Your goal: Quote the material exactly from the line that contains "4 bed detached" through its last line. Any pictures are to be left out.

Recorded information:
[Start of Attachment]

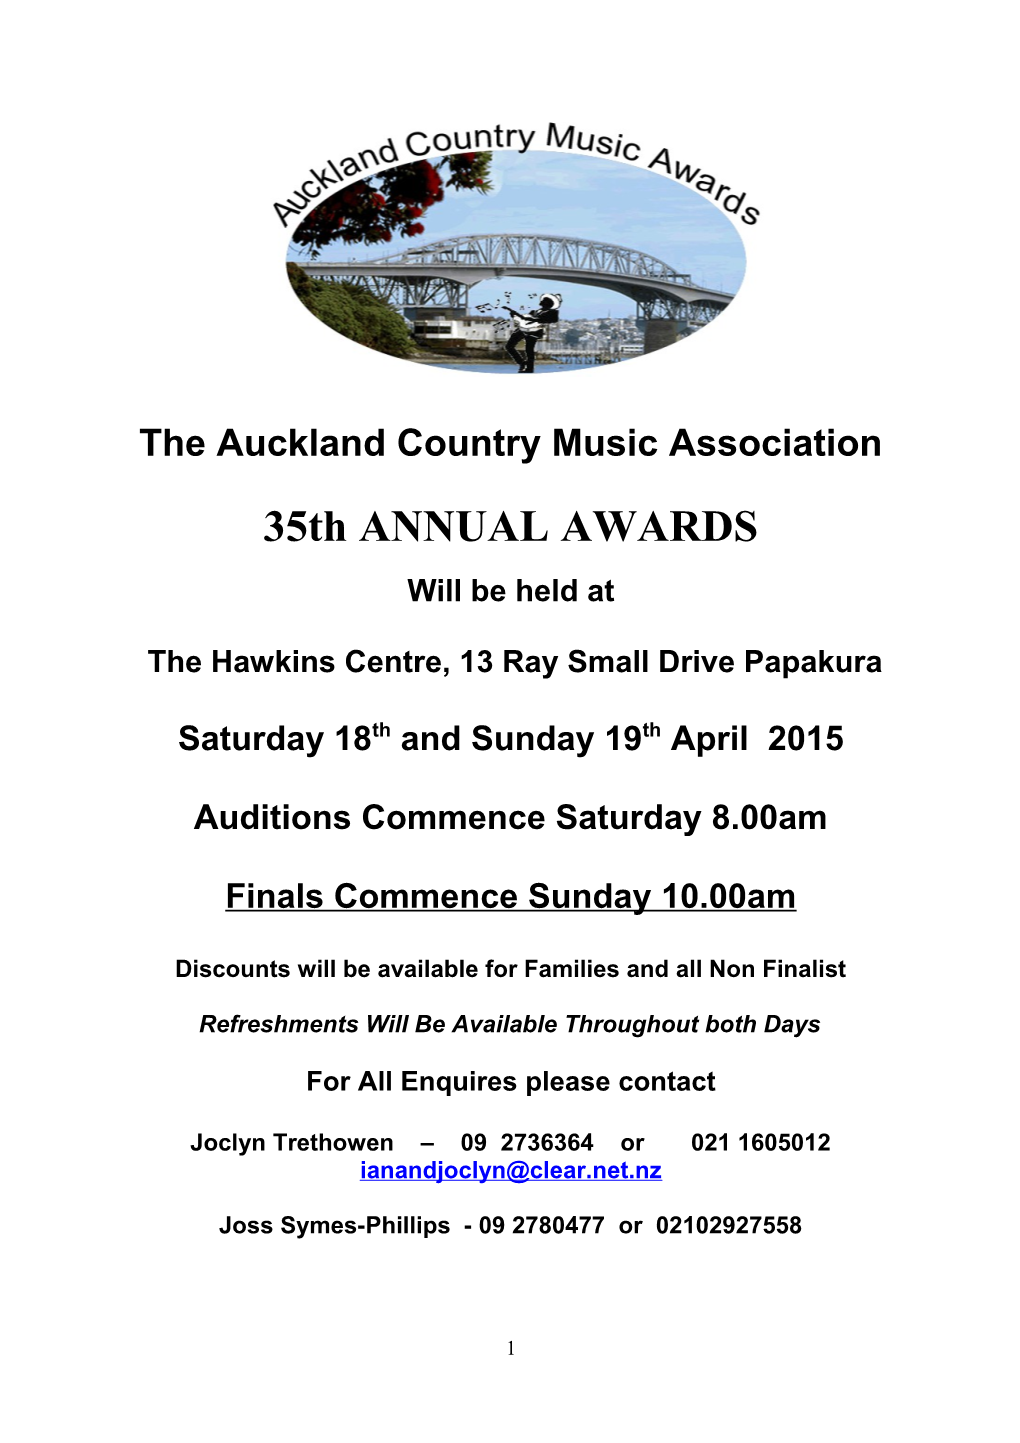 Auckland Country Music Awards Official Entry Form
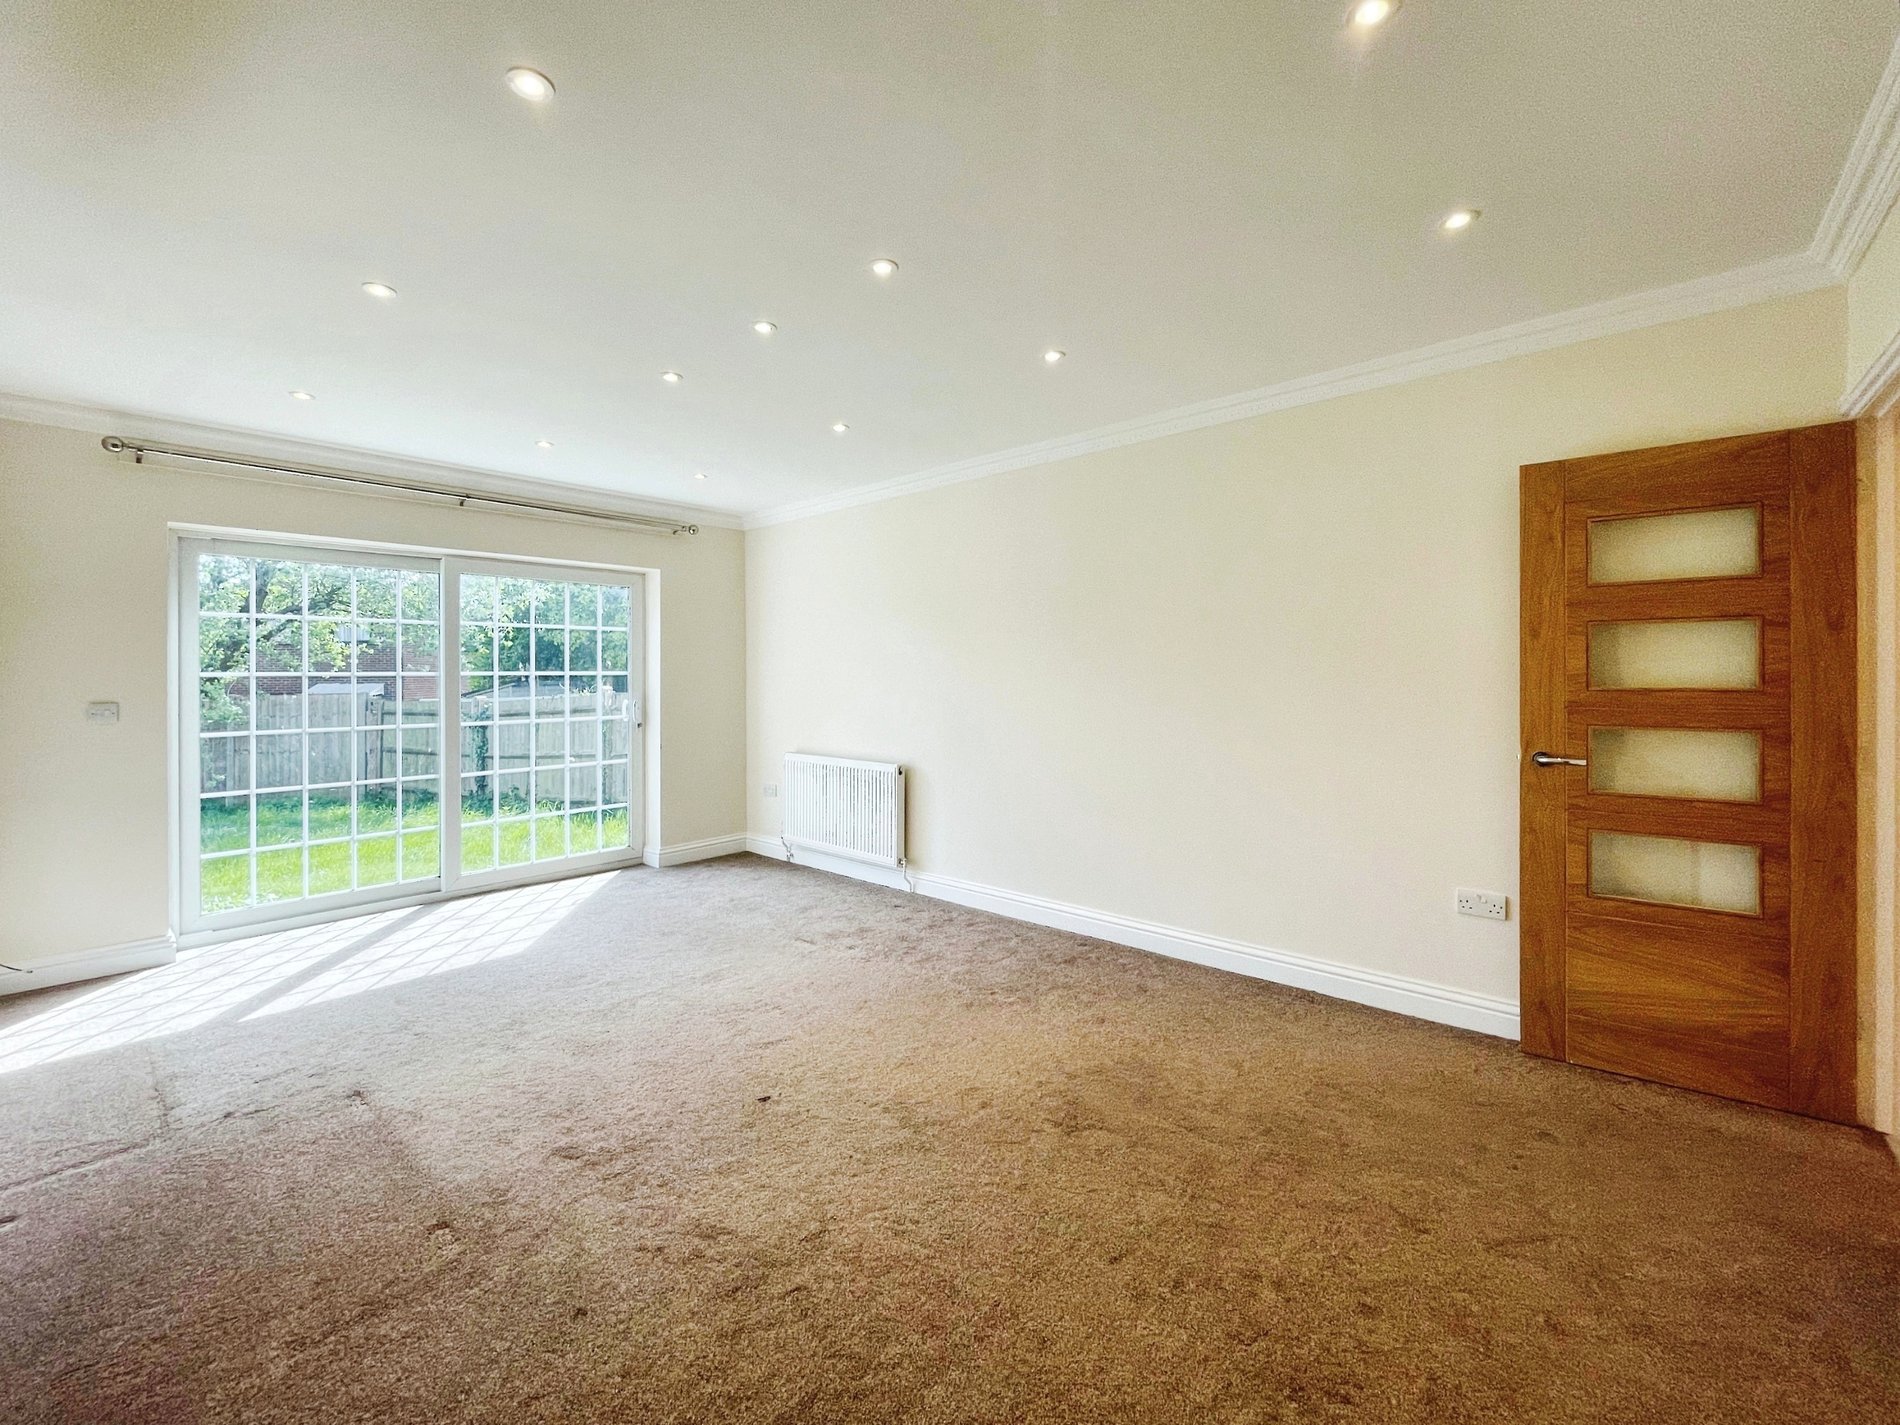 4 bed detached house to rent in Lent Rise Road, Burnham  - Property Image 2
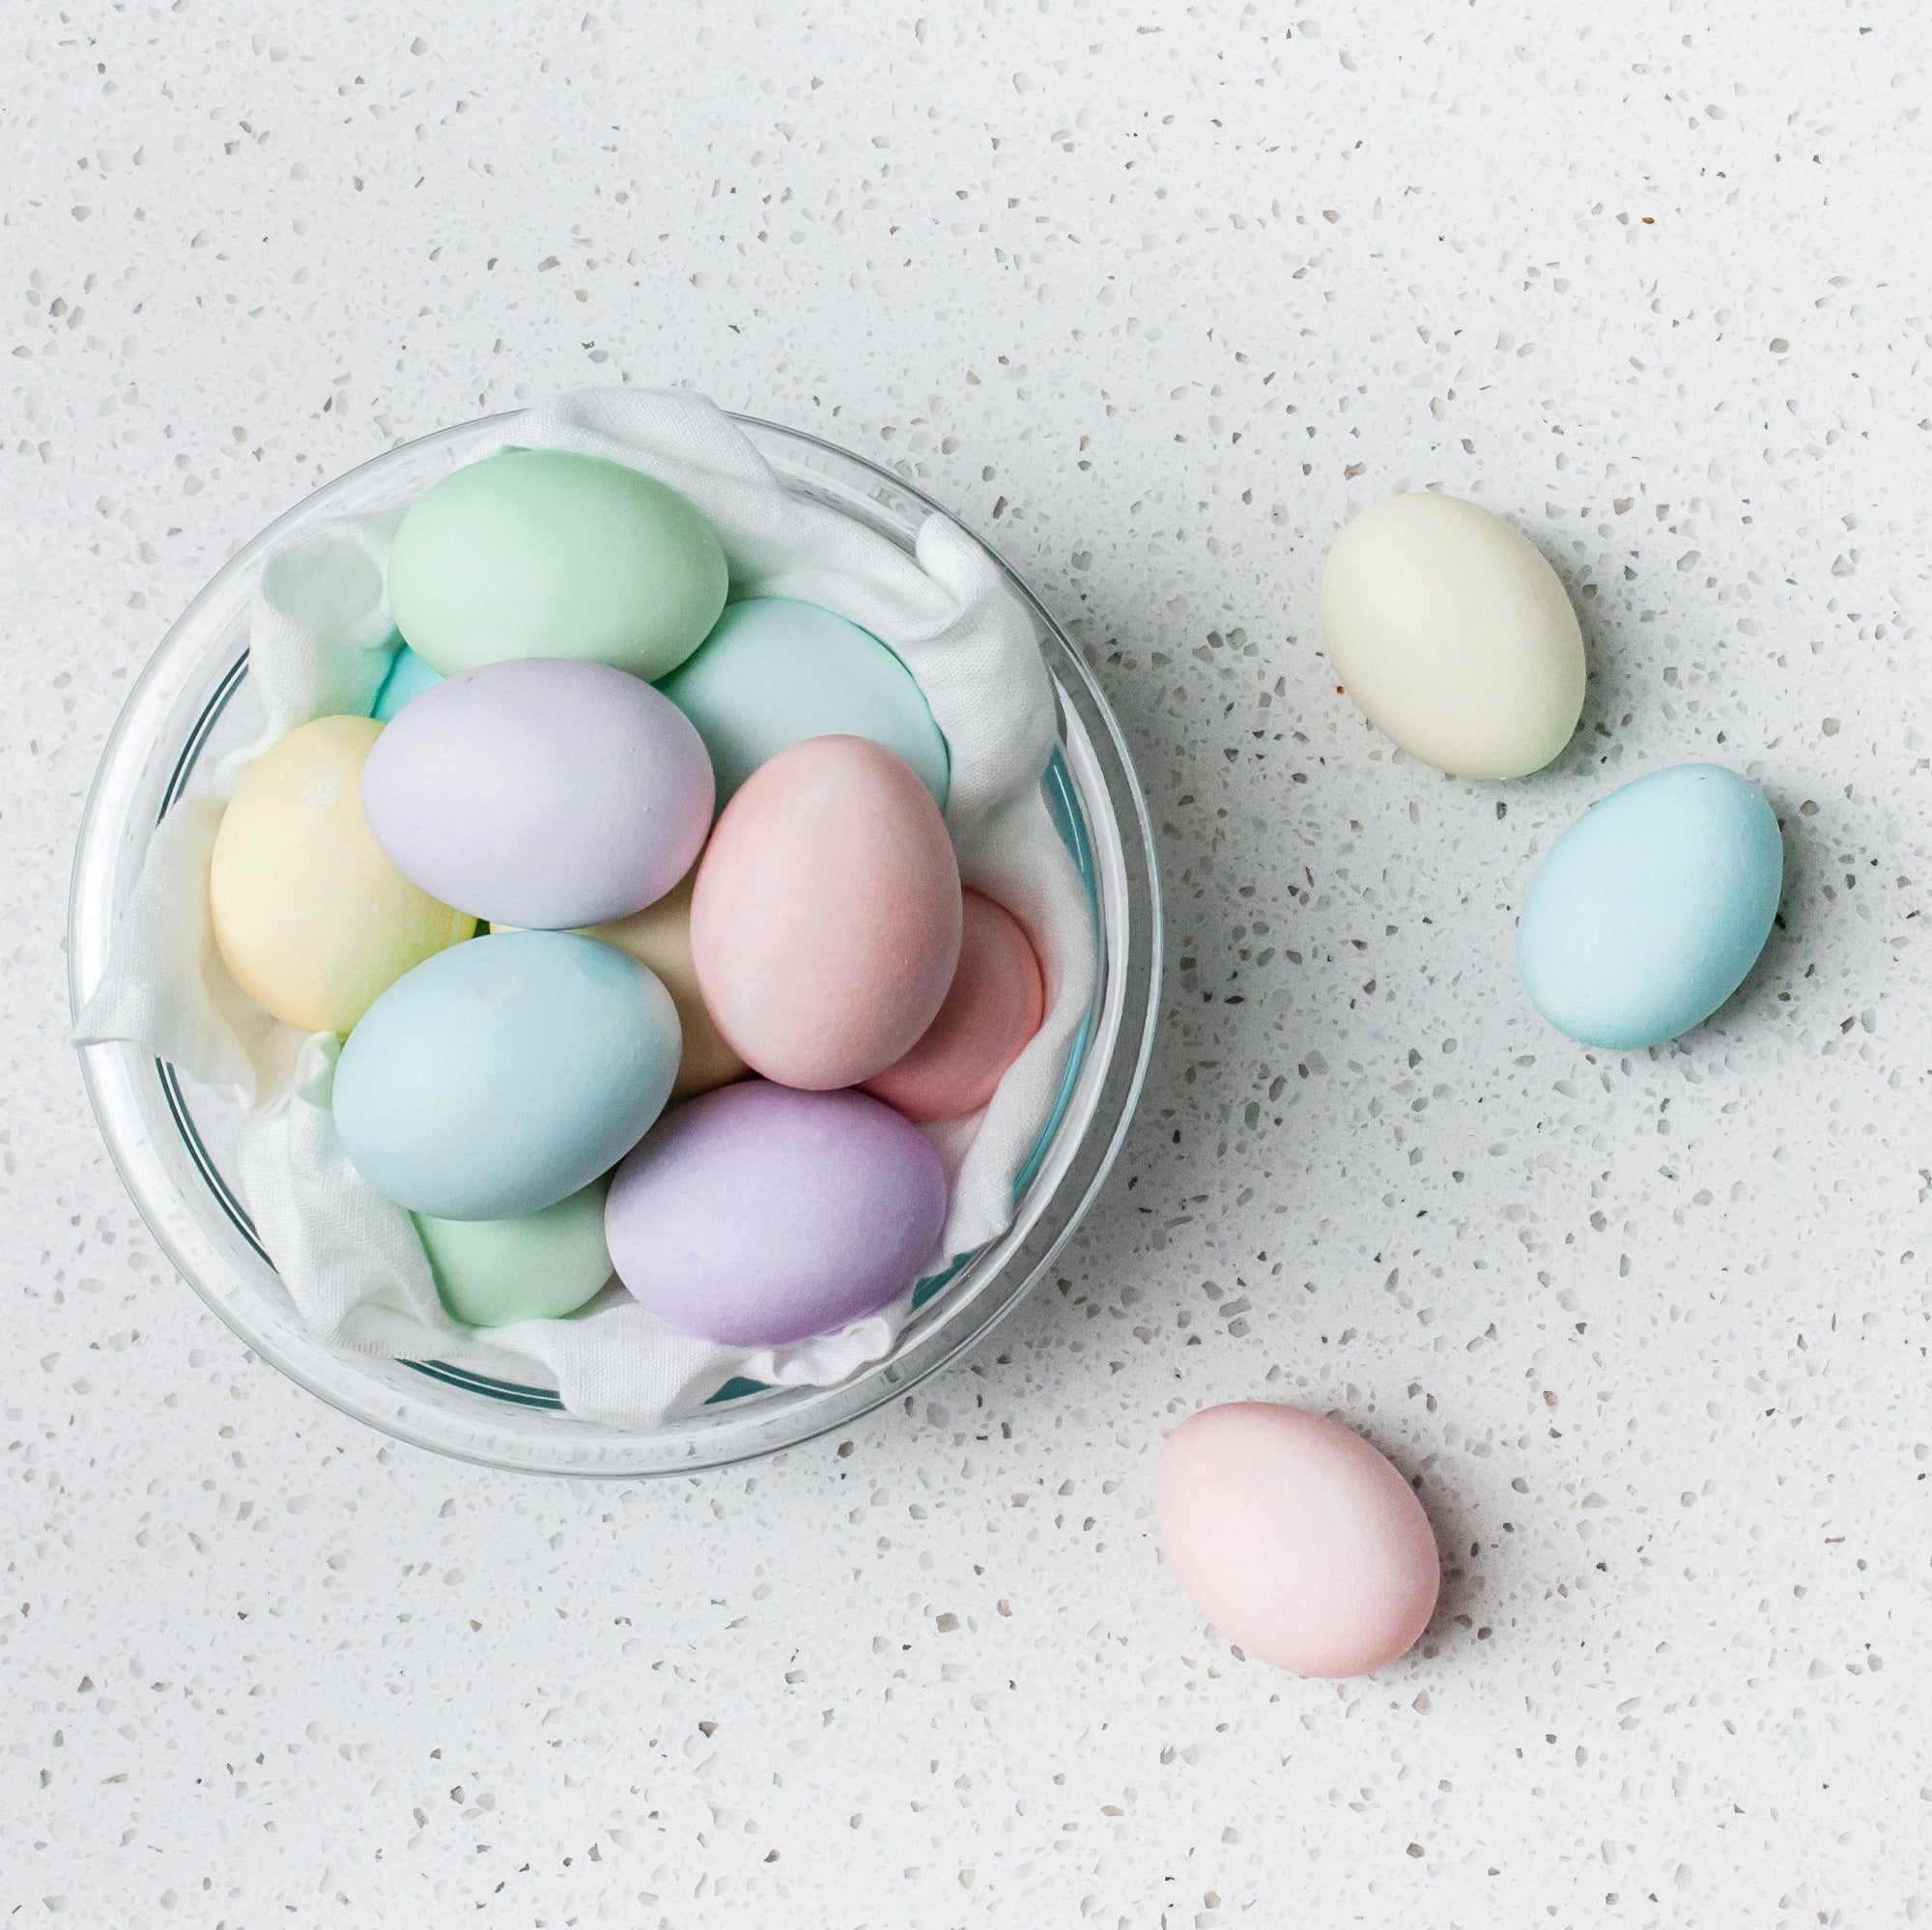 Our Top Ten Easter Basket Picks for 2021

[End of Attachment]

Task solution:
 4 bed detached house to rent in Lent Rise Road, Burnham  - Property Image 2
 Our Top Ten Easter Basket Picks for 2021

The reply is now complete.